視線に気付いたのか、亮くんがこっちを見た。

軽く手を振ったら、振り返してくれました。


どうやら学年対抗リレーらしい。

いやはや、リレーが続くし、ボーッとしていたせいで今何やってるかとか、放送聞いてませんでしたよ。

学年対抗なら、亮くんを応援しても良いよね?

でも一組の盛り上がりが引く勢いで凄いので、心の中だけで声援を送ります。

ビビりですよ。それが何か?


「がんばれ」


うちのクラスからはサッカー部の男子が出ているのです。第一走者になったみたい。コースに出てきた。

一、二、三年生が横並びでスタートする。

一歳ずつしか違わないのに、体格や身長が大分違う。成長期って凄い。


一人目、二人目まではそんなに距離の開きは無かったのに、三人目で三年生がグン、と加速した。どんどん離されていく。

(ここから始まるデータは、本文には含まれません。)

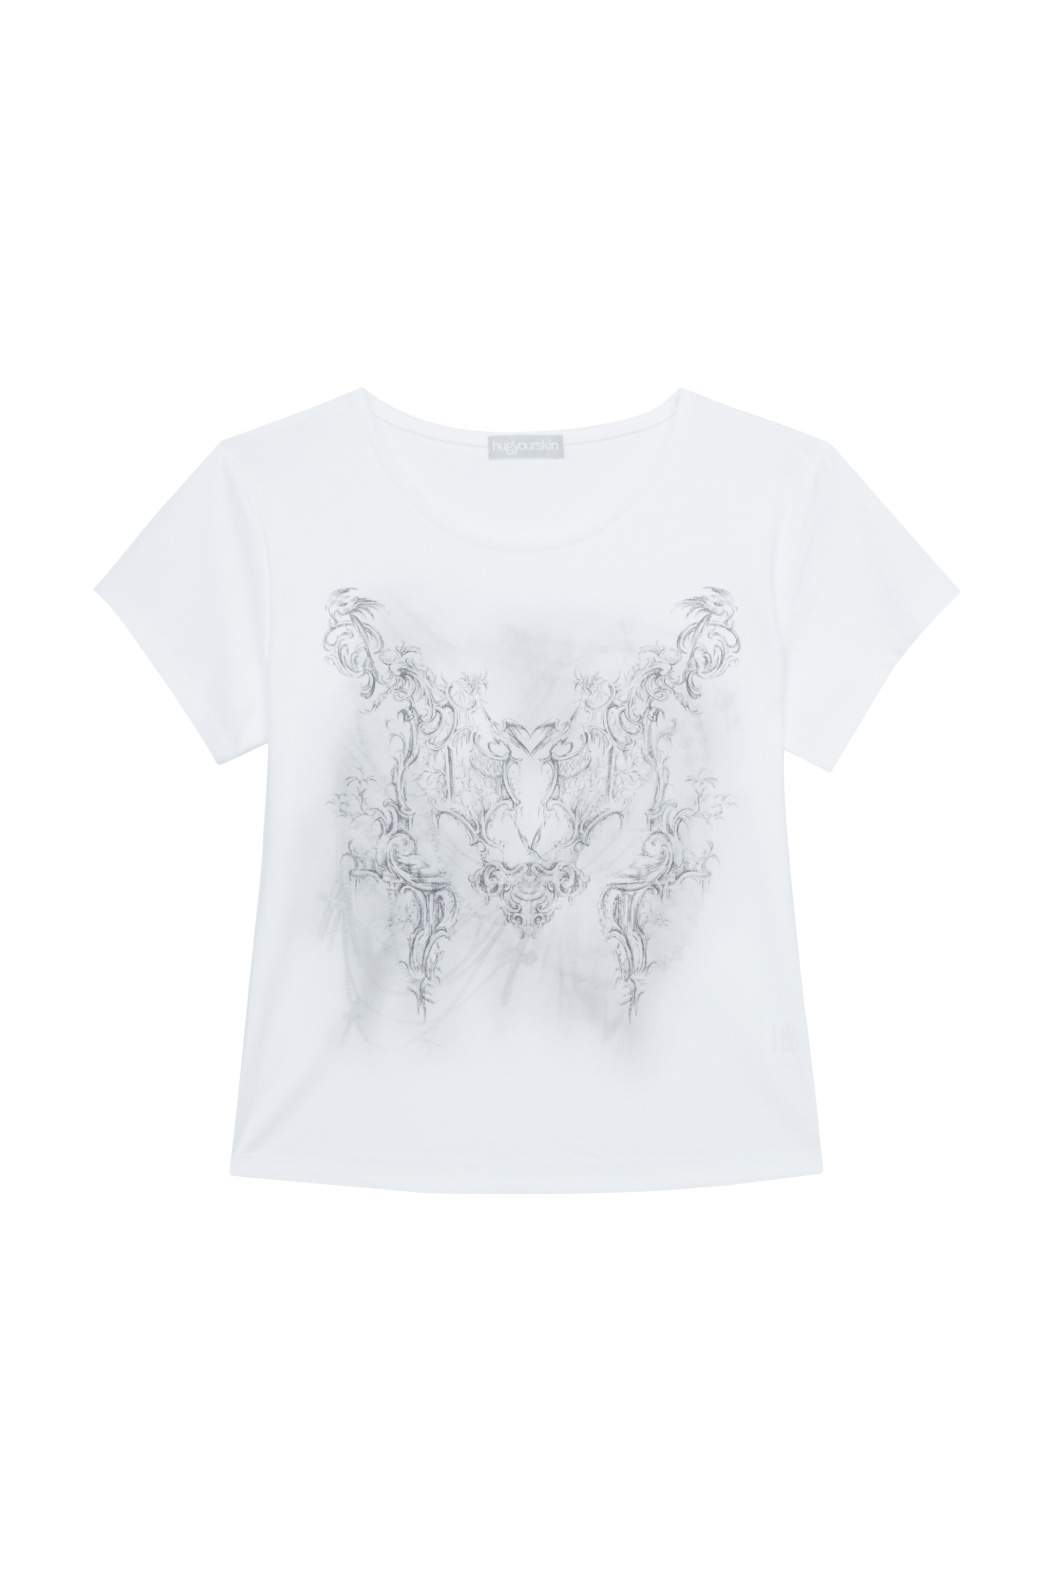 [5월 20일 예약배송]rococo T shirts HS ver (white)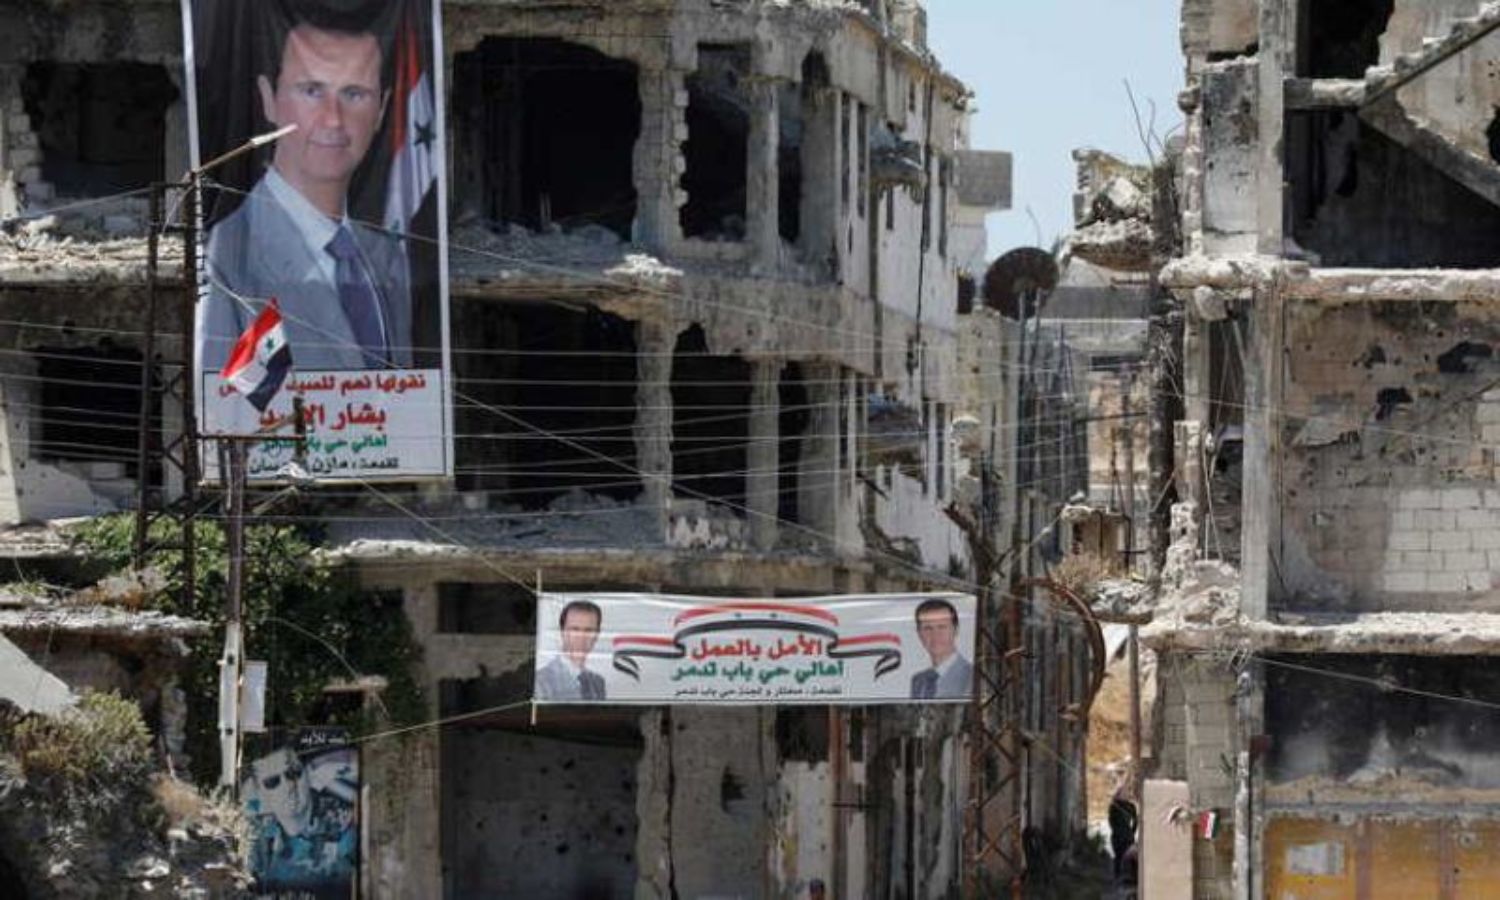 صور رئيس النظام، بشار الأسد، تتدلى من المباني التي دمرتها المعارك في مدينة حمص وسط سوريا- (رويترز)

二年生も速いけど、まだそんな距離は開いてない。けど追い越せない距離。

ジッと見ていたら、亮くんの番。

バトンを受け取ると、グングン加速して、二年生に直ぐに追い付き……追い越した!


「…亮くんっ」


キャーッ!! と喜色の声が上がる。

三年生との距離を少しずつ狭めていく。

次の走者はアンカーだ。大分縮んだ距離。バトンが渡されて。

アンカーの男子は亮くん同様とっても速い。

三年生のアンカーも速いけど、何と追い付いた。


『…同着!』


マイクを持った先生が、ゴールした二人を少し見つめてから、声高に叫んだ。

一年生からは歓声が、三年生からは歓声と驚きの声が上がった。

自然と拍手が出て、凄い盛り上がりました。


「ふはぁ~…」


何か凄く必死に見てしまった。見てただけなのに疲れたよ。

っと、玉入れがそろそろですね。

一緒に出場するクラスの友達に声を掛けられて、一緒に集合場所へ向かう。

ちょっとお喋りしながら向かえば、途中で競技が終わったばかりの亮くんと会った。


「亮くん、お疲れ様。凄かった!」

「あぁ、ありがとう。晶子は今からか? 確か…玉入れか」

「そうだよ~」

「当たらないように気を付けろよ」

「分かった」


頭をポンポンされながら注意され、素直に頷く。

何か、周りがザワッとした気が?

視線を向けようとしたら、亮くんに背中を押されて、まぁ良いか。と歩き出す。

待っていてくれた友達に軽く謝って集合場所へ付くと、先生の指示にしたがって皆で固まる。


……うん。第三位という、可もなく不可もなくな結果に終わりました。

詳しく? 要らないですよね、私活躍しませんでしたし。

亮くんに注意をされたけど、他人の玉は当たらず、自分の投げた玉が真上に上がってそのまま顔面直撃しましたが、何か?